Don: not on extension yet; still working on installation
... ran into glitch on loading DBs
... we have Virtuoso installed
... running into problem with perl script
... AlanR is helping

Susie: any progress on the poster?

Don: will be ready to talk about poster in about two weeks
... want to dive into matthiassamwald's poster and target to a neuroscience audience

matthiassamwald: will upload my demo to a server and send a pointer to public-semweb-lifesci

Susie: AlanR is working with DERI to install DB

alanr: DERI has machine back up
... not sure if they've installed Virtuoso
... considering hiring someone to write install scripts
... my schedule should be more calm now
... expect progress in next couple weeks

Susie: hosted at MIT in the interim?

alanr: yes. dunno if we will always host it

Susie: EricN is working on UI
... we considered working with UI experts, but seems we don't want to do that now

alanr: I have an idea for a UI; am looking for an implementor
... idea: wiki page with queries
... ... fill in a form to tailor the queries on the wiki
... ... and an interface to add specific predicates and structures for say, MESH
... .

ScottM: very interested, but don't want to commit to time

matthiassamwald: I will be starting in DERI in october/november

alanr: would like an auto-completer like for google search in firefox

<matthiassamwald>

[ discussion of related libraries, including leeet and a Sesame-tailored completion engine ]

Susie: noting everyone is on vacation, any progress on data conversion?

alanr: nope

<matthiassamwald> [Leeet] features an autocomplete mechanism based on Sparql queries.

alanr: talked to a fellow from EBI who is interested in expression data
... Marco Brandisi (SP?)

Susie: would be interesting to work on DrugDB. will prod people who volunteered
... may be some folks at Lilly who will want to contribute

<alanr> 1) Representing the information about the samples, experiment, protocols leading to the hybridization, technical aspects of the hybridization, etc.

<alanr> 2) Representing what the computed intensity of the spots on an array, as well as how those were computed (e.g. MAS5, rma, d-chip, etc)

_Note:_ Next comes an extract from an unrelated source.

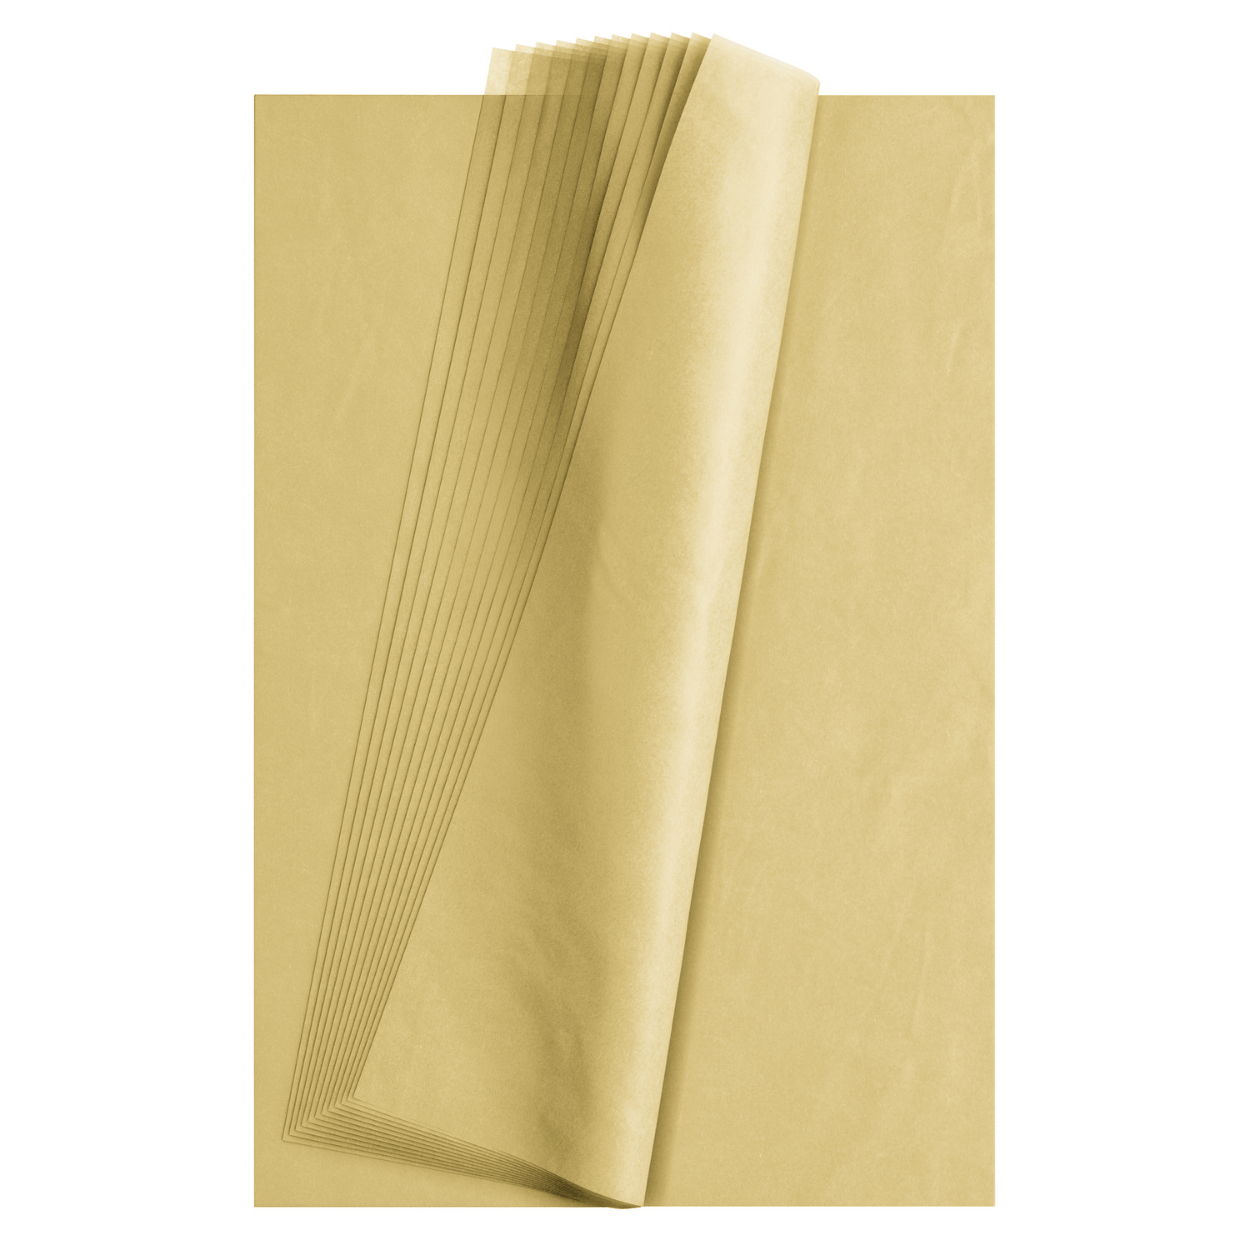 Burgundy Tissue Paper, 15x20, 100 ct

<alanr> 3) Representing which genes are thought to be relatively highly expressed by interpreting the intensity of the spots as amount of expression of certain genes.

Use cases - All

DanielR: was interested in a use case involving images
... want to work with extending images with semantic annotations

susie: we are working on Use Cases in SWEO

DanielR: there was a discussion of a mammagraph use case

ScottM: I have been working on a mammography study in the netherlands

DanielR: expect NCI-backed standard for annotation medical images on the web
... controlled terminologies where possiblem for SNOMED, ... , something for regions

[scribe distracted -- missed stuff]

alanr: some work on annotations on Alan Brain Atlas
... there are existing region taxonomies
... another connection: Bijan Parsia said he'd be working on spatial reasoning
... (above, near...)

text mining

<mscottm> http://www.biosemantics.org/index.php?page=anni-2-0

ScottM: looked at Annie
... nice handling of synonyms for say, protiens
... once you pick a URI system, you will have Biologists who use their own names for, say, protein or gene
... you need a tool to manage the mapping

<scribe> ... done internally in text mining systems

UNKNOWN_SPEAKER: perhaps we can re-use unique concept identifier techniques from text mining systems
... my group provides web services for text mining packages; does not try text mining packages itself
... albert shuman has a nice overview of different systems
... UIMA framework came up
... migrated from IBM to apache
... makes text mining sysems more inter-operable
... noticed a corpus for huntingtons

alanr: working on extraction of named entities (diseases, phenotypes, ... whatever) and interactions
... some results from geneways (SP?)
... still pretty noisy
... all in PDF -- coding to convert to HTML

ScottM: Lucine uses PDF format

alanr: Lucine treats the document as a bag of words -- scrambling the order won't change the results
... believe HTML is the easiest to work with

<matthiassamwald> Dietrich Rebholz-Schuhmann

Susie: can you share Rebholz's tutorial?

ScottM: sure -- it's on-line

alanr: matthiassamwald wrote some related code

matthiassamwald: you can give it a pubmed identifier or query and you get back a list of annotated abstracts

<matthiassamwald> http://whatizit.neurocommons.org

<alanr> http://svn.neurocommons.org/svn/trunk/nlp/soc_textmining/

ScottM: advantage of using web services is that you can point at a service as the provenance of a piece of extracted data

Summary of Action Items

[NEW] ACTION: Susie to ask Johnathan what he needs for TAG access [recorded in http://www.w3.org/2007/08/27-BioRDF-minutes.html#action01]
 
[End of minutes]

Minutes formatted by David Booth's scribe.perl version 1.128 (CVS log)
$Date: 2007/08/28 20:55:55 $

Scribe.perl diagnostic output

[Delete this section before finalizing the minutes.]
This is scribe.perl Revision: 1.128  of Date: 2007/02/23 21:38:13  
Check for newer version at http://dev.w3.org/cvsweb/~checkout~/2002/scribe/

Guessing input format: RRSAgent_Text_Format (score 1.00)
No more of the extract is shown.